The processor 113 may be a kind of IC chip, the processing capacity with signal.Above-mentioned processor 113 can be general processor, including central processing unit (Central Processing Unit, abbreviation CPU), network processes Device (Network Processor, abbreviation NP) etc.;It can also be digital signal processor (DSP), specific integrated circuit (ASIC), field programmable gate array (FPGA) either other programmable logic device, discrete gate or transistor logic, Discrete hardware components.It may be implemented or execute disclosed each method, step and the logic diagram in the embodiment of the present invention.It is general Processor can be microprocessor or the processor is also possible to any conventional processor etc..

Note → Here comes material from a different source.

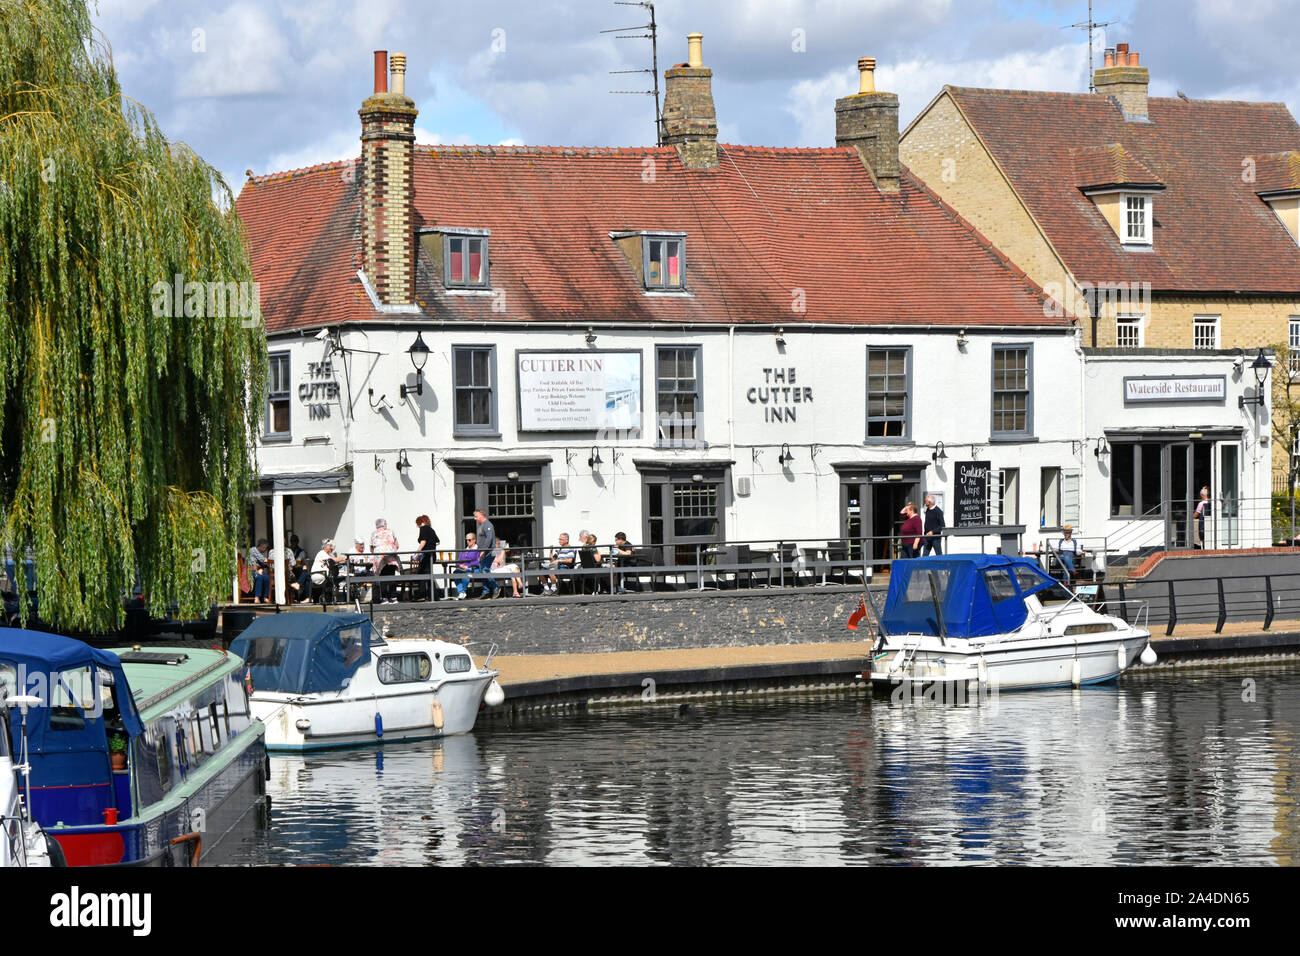 Lunchtime summer scene people outside The Cutter Inn pub & Waterside Restaurant river Great Ouse  boats beside towpath Ely Cambridgeshire England UK Stock Photo

Various input/output devices are couple processor 113 and memory 111 by the Peripheral Interface 114.Some In embodiment, Peripheral Interface 114, processor 113 and storage control 112 can be realized in one single chip.Other one In a little examples, they can be realized by independent chip respectively.
The input-output unit 115 is for being supplied to user input data.The input-output unit 115 can be, But it is not limited to, mouse and keyboard etc..
The display unit 116 provided between the electronic equipment 100 and user an interactive interface (such as user behaviour Make interface) or for display image data give user reference.In the present embodiment, the display unit can be liquid crystal display Or touch control display.It can be the capacitance type touch control screen or resistance of support single-point and multi-point touch operation if touch control display Formula touch screen etc..Single-point and multi-point touch operation is supported to refer to that touch control display can sense on the touch control display one Or the touch control operation generated simultaneously at multiple positions, and the touch control operation that this is sensed transfers to processor to be calculated and located Reason.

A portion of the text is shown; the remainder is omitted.